[東京 28日 ロイター] - 国際通貨基金(IMF)は28日、アジアの経済成長率見通しを引き下げた。世界的な金融引き締めやウクライナ戦争を受けたインフレ加速、中国経済の急減速を背景に回復見通しが悪化した。
今年の成長率見通しは4.0%とし、4月の予想から0.9%ポイント下方修正。来年の見通しは4.3%で、こちらも0.8%ポイント引き下げた。昨年の成長率は6.5%だった。
IMFはアジア太平洋地域の経済見通しで、アジアのインフレは他地域と比べ依然抑制されているものの、大半の中央銀行はインフレ期待が高まらないよう利上げを継続する必要があると指摘した。
アジア太平洋局長のクリシュナ・スリニバーサン氏は「年初に見られたアジアの力強い景気回復は失速しつつあり、第2・四半期は予想より弱かった」と述べた。

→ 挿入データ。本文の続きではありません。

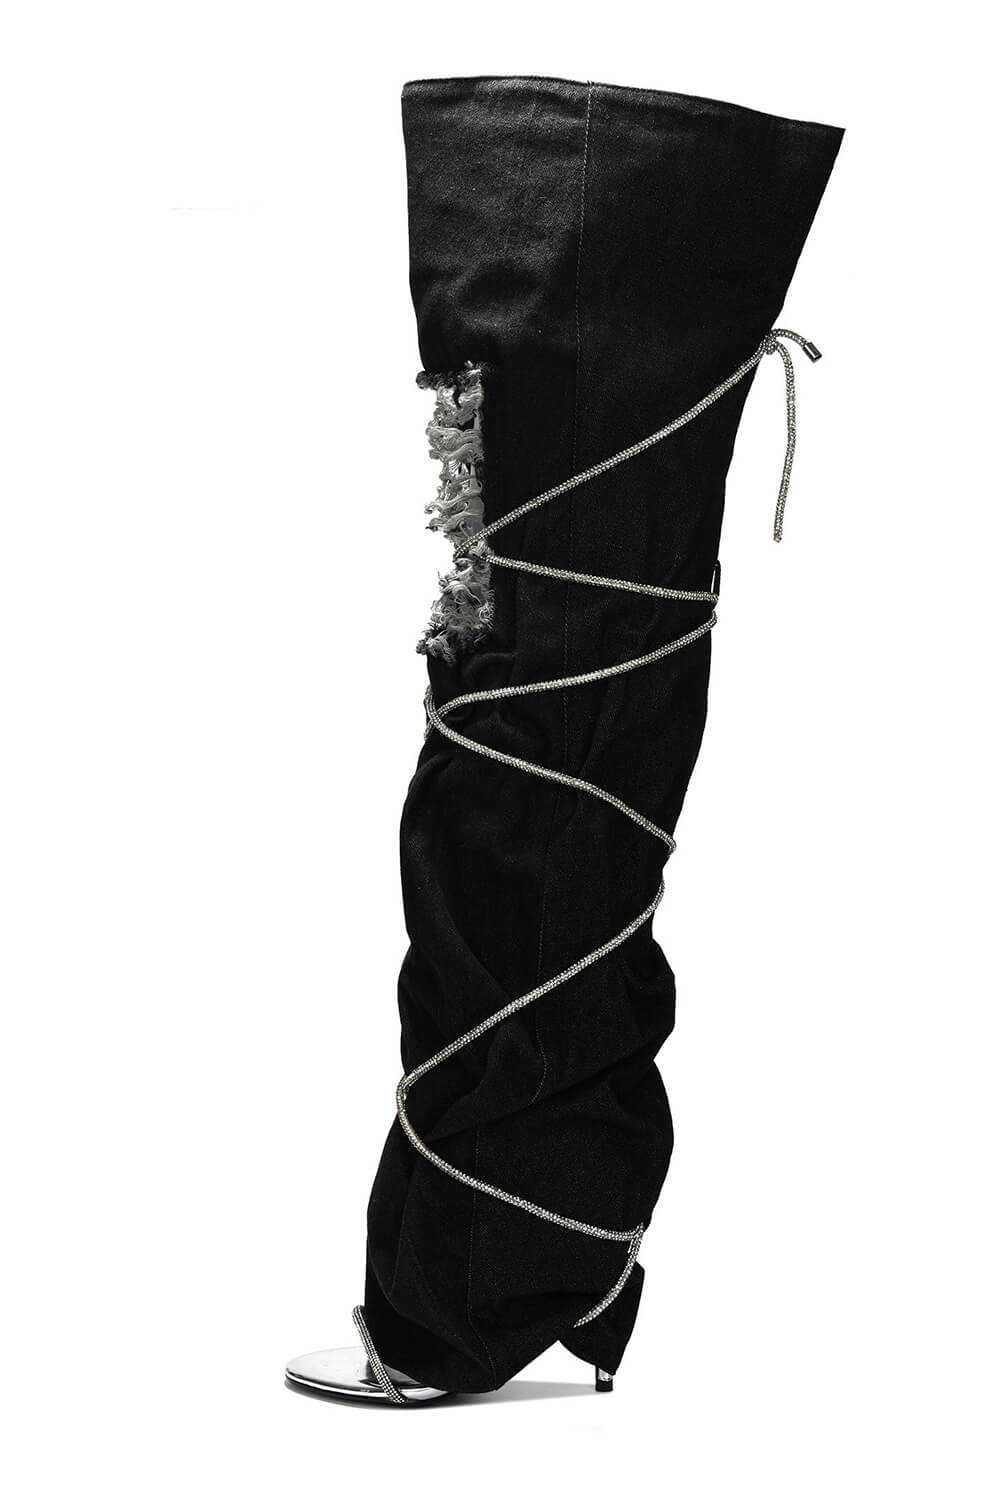 Rhinestone Rope Wrap Lace Up Fold Over Over The Knee Boots - Black

また「インフレが目標に回帰し、インフレ期待が引き続き十分に固定されるよう、追加金融引き締めが必要だ」とした。
報告書は、新型コロナウイルスのパンデミック(世界的大流行)の影響が薄れる中、アジア太平洋は世界的な金融引き締めと外需減速見通しという新たな向かい風に直面していると指摘。
特に大きな逆風として、厳格なコロナ規制や不動産部門の悪化を受けた中国の急速かつ広範な景気減速を挙げた。
「過去1年に債務不履行に陥る不動産開発業者が増加し、市場での資金調達は一層困難になっている」とし、不動産部門へのエクスポージャーの大きさを踏まえると、銀行システムへのリスクも高まっているとした。
中国の今年の成長見通しは3.2%と、4月の予想を1.2%ポイント下回った。昨年の成長率は8.1%だった。来年は4.4%、2024年は4.5%と見込んだ。
同国の厳しい新型コロナ抑制策は来年、段階的に解除されるとの見方を示した。不動産危機については早急な解決は予想しておらず、成長を支えるために包括的な方法で対処する必要があるとした。
スリニバーサン氏は「共産党大会が終わったので、これらの政策対応により注意が払われることを期待したい。だが不動産部門(の危機)の早期解決は望めず時間がかかるだろう」と述べた。
アジア新興国が急速な資本流出を回避するため利上げを強いられる中、一部の国では為替介入の「賢明な」活用が金融政策の負担を和らげる可能性があるとの見方も示した。
フィリピンなど「為替市場が比較的浅い」国や、インドネシアのように銀行・企業のバランスシート上の為替のミスマッチが相場変動リスクを高めている場合に特に有効な手段になり得るとした。
ただ「為替介入は継続的な活用による副作用を回避するため一時的であるべき」とくぎを刺し、副作用には民間部門のリスクテイク拡大などが含まれるとした。